I'm on an IvyBridge and want to test the L1d cache organization. My understanding is as follows:
On IvyBridge, L1d cache has 32K capacity, 64B cache line, 8 way set associative. Therefore it has 32K/(64*8) = 64 sets, given a main memory addr
, the set index can be computed by (addr/64) % 64
.
So if I step the main memory by 64*64 (4K), I will always touch the same L1d set. A set only has 8 cache lines, as a consequence if I loop it with 16 steps, I will get almost 100% L1d cache miss.
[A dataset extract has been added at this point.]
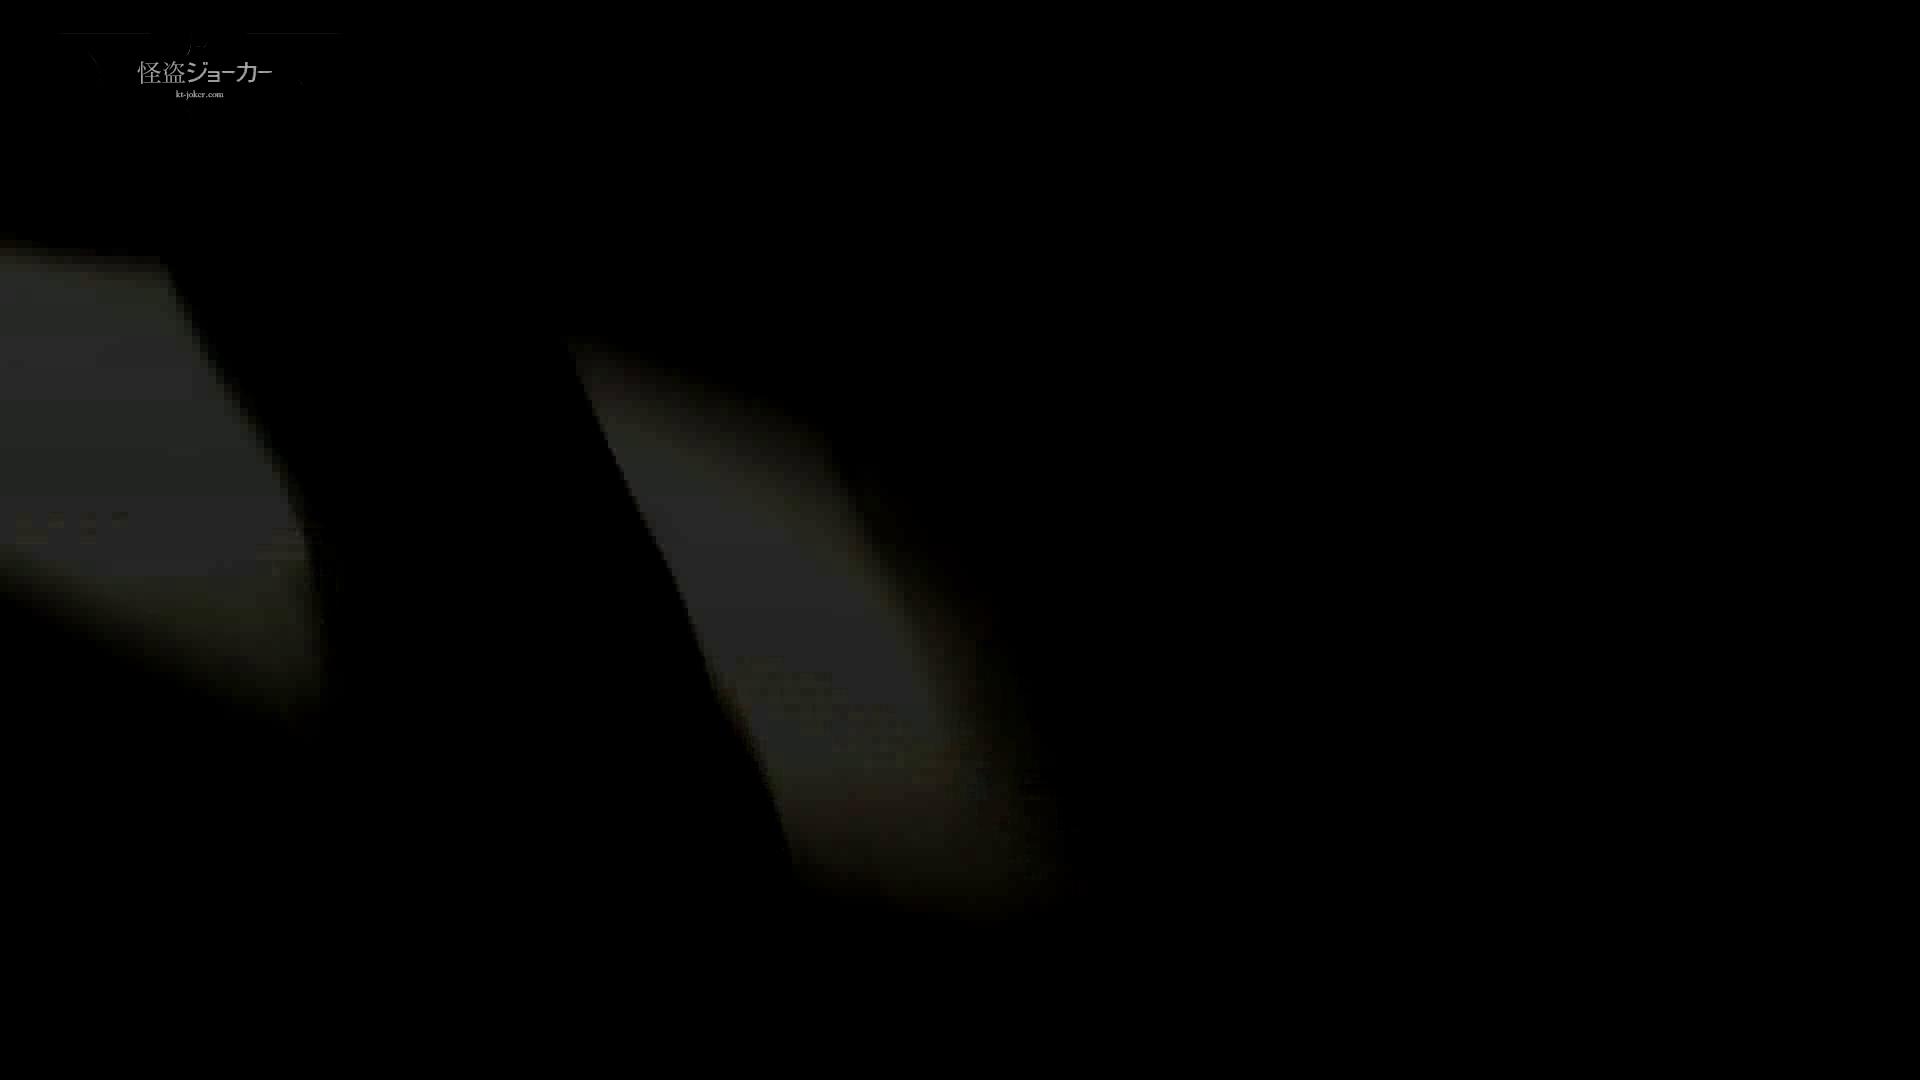 ギャルのツルピカ潜入盗撮!Vol.04 盗撮  89PIX 84

I write the following program to verify:
section .bss
align 4096
buf: resb 1<<26
%define gap 64 * 64 ; no L1 cache miss
; %define gap 64 * 64 * 256 ; 41% L1 cache miss
; %define gap 64 * 64 * 512 ; 95% L1 cache miss
; however, total cycle suggests this gap is already at L3 latency level with complete L2 cache miss.
section .text
global _start
_start:
mov rcx, 10000000
xor rax, rax
loop:
mov rax, [buf+rax]
mov rax, [buf+rax+gap*1]
mov rax, [buf+rax+gap*2]
mov rax, [buf+rax+gap*3]
mov rax, [buf+rax+gap*4]
mov rax, [buf+rax+gap*5]
mov rax, [buf+rax+gap*6]
mov rax, [buf+rax+gap*7]
mov rax, [buf+rax+gap*8]
mov rax, [buf+rax+gap*9]
mov rax, [buf+rax+gap*10]
mov rax, [buf+rax+gap*11]
mov rax, [buf+rax+gap*12]
mov rax, [buf+rax+gap*13]
mov rax, [buf+rax+gap*14]
mov rax, [buf+rax+gap*15]
dec rcx,
jne loop
xor rdi, rdi
mov rax, 60
syscall
To my surprise, perf
shows there is no L1 cache missing at all:
160,494,057 L1-dcache-loads
4,290 L1-dcache-load-misses # 0.00% of all L1-dcache hits
What is wrong in my understanding?